大切な記憶を疎ましいと感じてしまうことによる自己嫌悪。

 複雑極まる感情が混ざりよじれて固まり、棘はより太く大きな楔へと成長して、心をもっと強く痛めつける。完全に悪循環だ。

 この棘が刺さったままでは、心は引き攣り身体の自由を奪われ続けて、満足に表情を作ることさえままならない。

 

 もしも、心の棘をごっそり抜いて捨て去れたら――夕映えの記憶ごと何もかも、思い出せない大切な何かが在ったことさえ綺麗さっぱり忘れることが出来たなら、じりじりと焼かれるような痛苦から逃れられるだろうか。
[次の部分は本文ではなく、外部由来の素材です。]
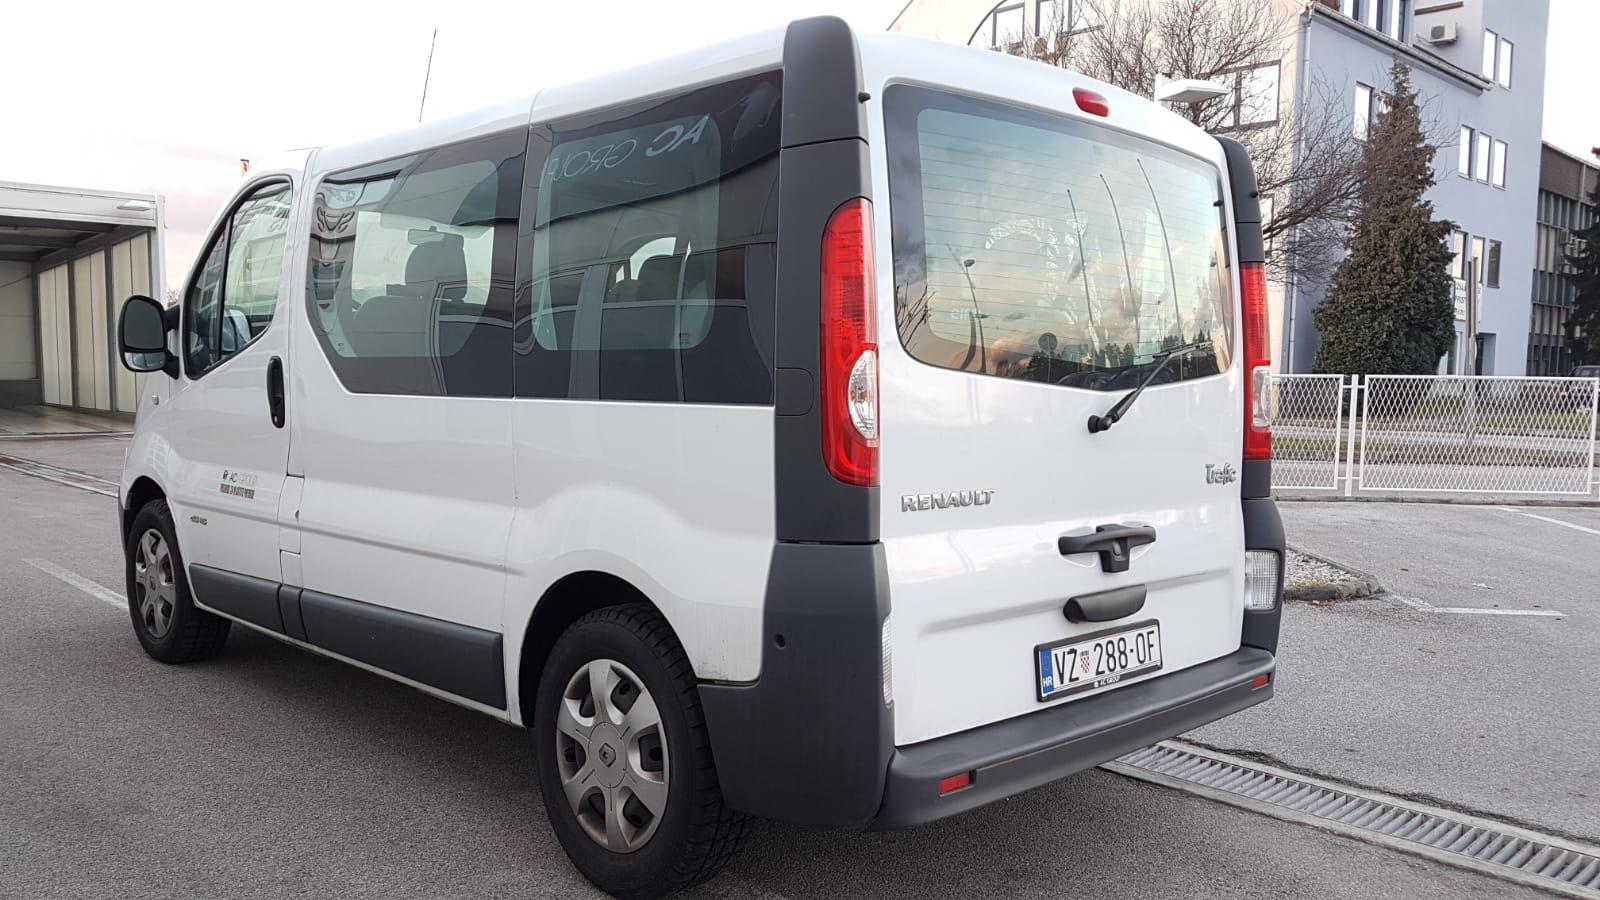 Renault Trafic 1 (VŽ 288-OF) 8

 ……無理な相談だ。深々と食い込んだ棘を抜き去れば、心にこそぎ取られて二度と元には戻らない歪で大きな空洞が新たに残る。

 テッシーやサヤちんとの避難計画の時の二の舞だ。

私が忘れることで、大切だった何事かを存在しなかったこととしてこの世から消し去り、止めを刺してしまった。何が何だか分からないままに、当事者であることすら放棄した。

 そういう、漠然とした罪悪感と後悔に苛まれ続けるだろう。

 

 誰か親身になって話を聞いてくれる人に打ち明けて、想いや記憶の残滓を分かち合って懊悩を和らげることも不可能だ。

 出会ったことも無い何か――誰か――について真剣に思い煩っているだなんて、理解してもらうのを期待するのは無理な相談だ。

 

 でも――それなら。

 あの夕映えの光景を他の誰かが私の分まで慈しんでくれるような、そんなアクセサリーとして象ってはどうだろうか。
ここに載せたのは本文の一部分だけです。